After 18 months of postponed or cancelled events, 2021 saw a summer of sports like no other. We got not one, but two international sporting events taking place still carrying the 2020 name of the year they were supposed to be, they just happened to arrive a year late.
First, we had the Euros 2020 where football was so close to coming home (to the horror of my Scottish teammates) followed by the Tokyo 2020 Olympics – the first ever to be held without spectators. As the dust settles on an amazing couple of months of sport, we can look back and reflect on the brands that delivered gold medal worthy creativity.
We had a memorable Euros tournament, football has always evoked passion and rivalry between fans, and as Scotland played its first major football tournament in many years, Wales faced Italy in group A and England progressed to the final, we saw brands across the country get behind their home nation teams with varying degrees of success.
Reactive social posts and advertising were ever present and Tesco’s play on ‘I-tes co-ming home’ was mocked by both fans and other supermarkets alike, with a particularly witty post from Iceland. Whilst this was all in good spirit and got people talking, the most successful campaigns and stunts saw brands going out and offering football fans something different – McDonald’s stole all the headlines after offering 25% off menu orders to celebrate England reaching the quarter finals.
Another example of a quick reactive stunt was from Tennent’s, mocking England’s ‘bottlers’ after Scotland’s excellent Wembley display ending in a 0-0 draw, launching a new promo poster which read: “Don’t worry England, we bottle it too.” Alongside the new Tennent’s Light bottle. Not only did this go down a storm with Scotland fans but it was also intrinsically linked to a new product, getting people talking for all the right reasons.

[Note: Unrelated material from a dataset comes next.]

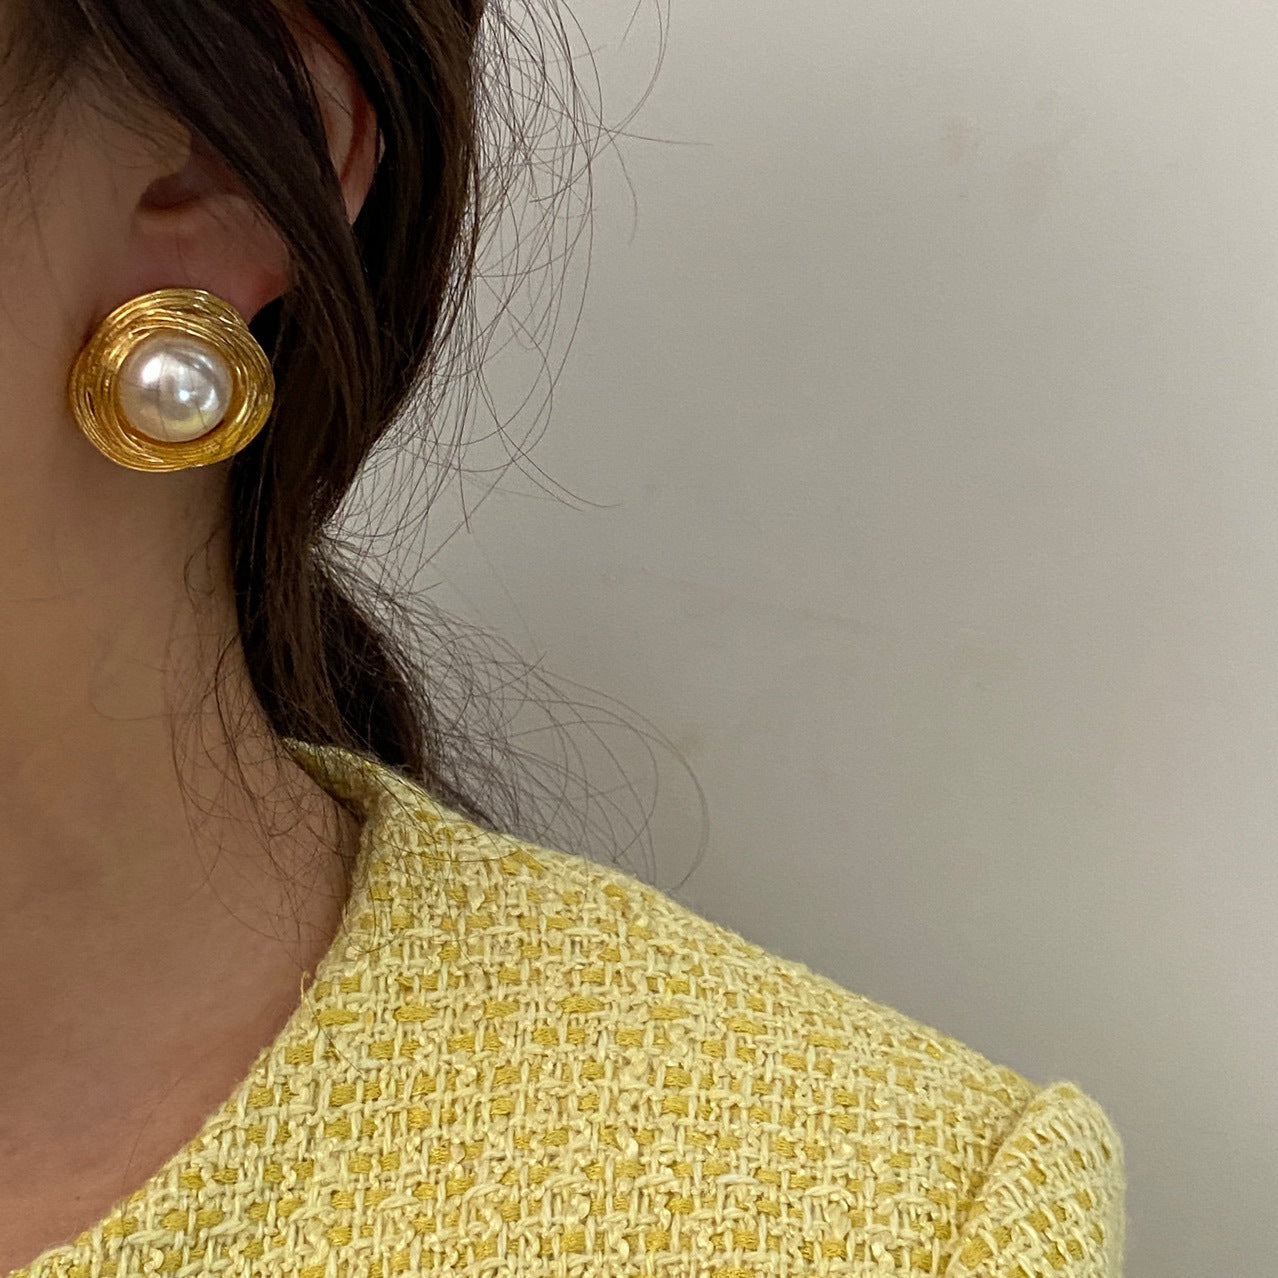 Gold Wire Winding Pearl Earrings - Modingo Modingo
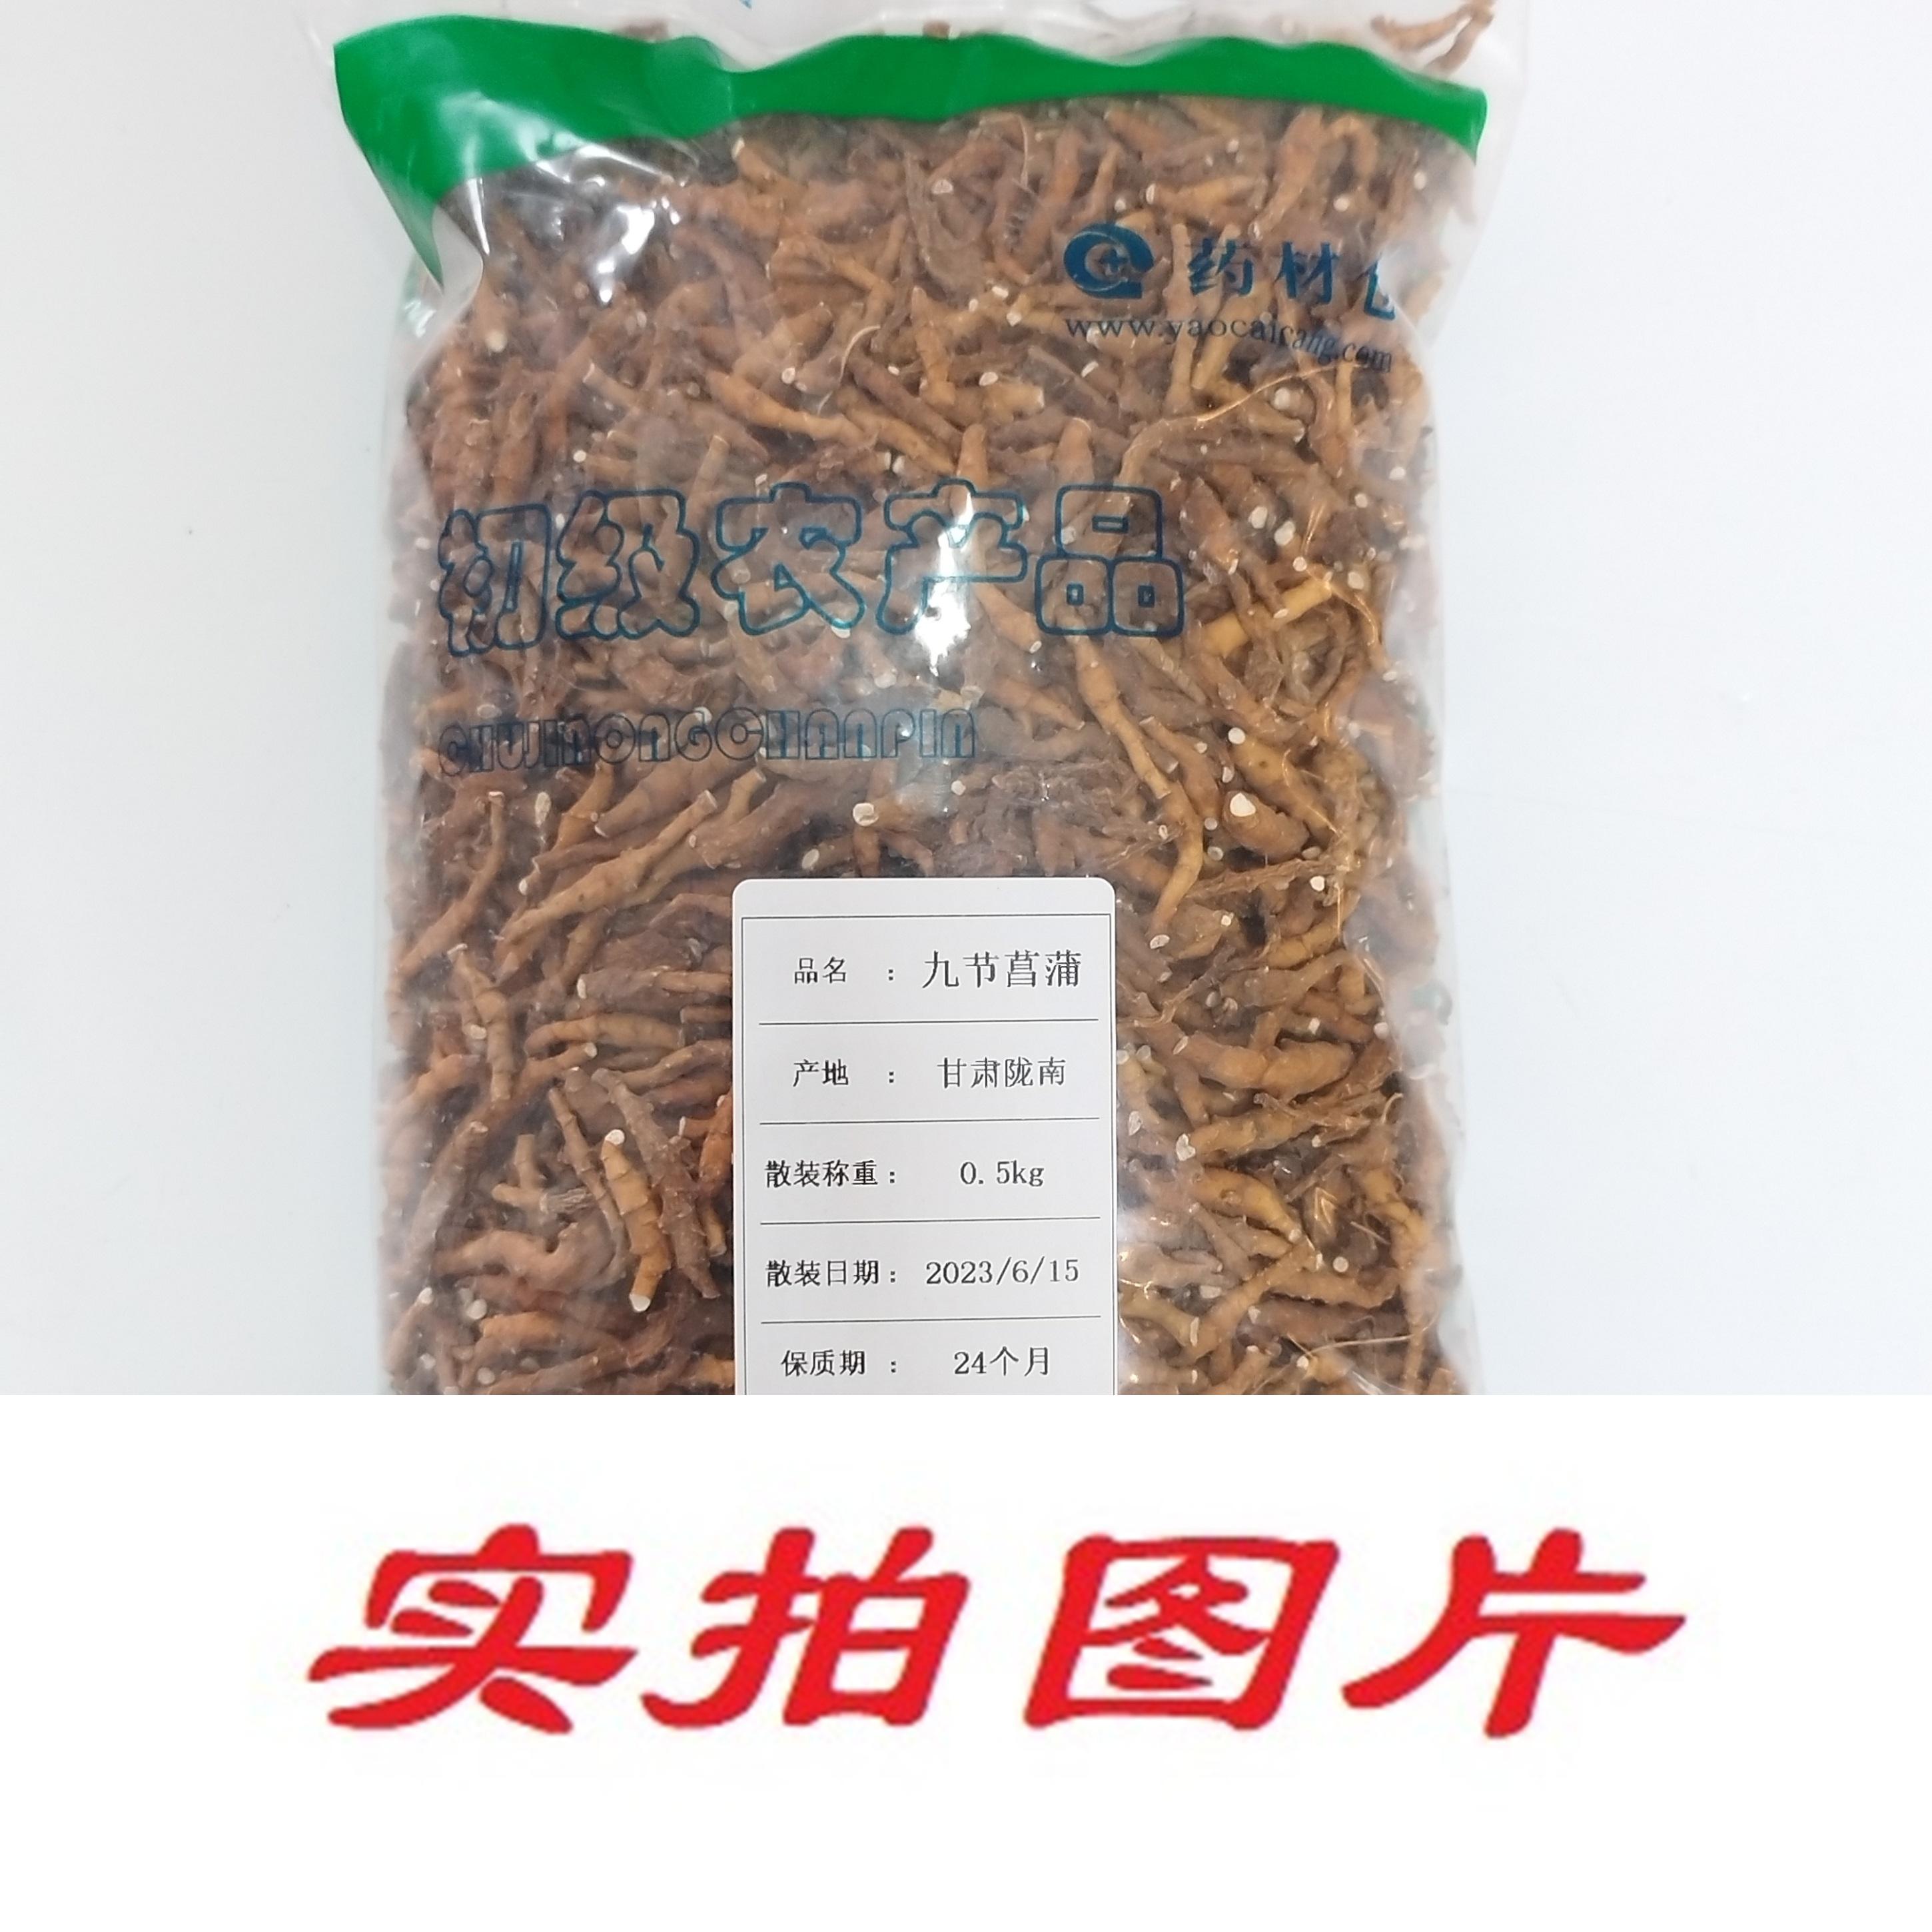 【】九节菖蒲0.5kg-农副产品

If brands played on rivalries during the Euros, for the Olympics brands looked to celebrate unity and success – campaigns such as Proctor and Gamble’s Lead with Love looked to showcase the value of hard work and patience among athletes whilst acknowledging the efforts made by people around them.
Whilst we saw big adverting campaigns from sponsors during the Olympics, including DFS, Aldi and Purple Bricks – we saw less brands reacting to what was happening following dramatic days of action.
This shows how different sports conjure up different emotions, and brands need to be privy to this – the Euros offered brands an opportunity for some brilliant reactive stunts, where the most successful examples were when brands were able to tie it back to their offering or purpose. For the Olympics, brands played on the emotions and the hard work the athletes go through to make it with multi-channel marketing campaigns.
One thing is clear, with so much noise during these international sporting events, only the best campaigns and stunts will be heard, and sit at the top of the creativity podium.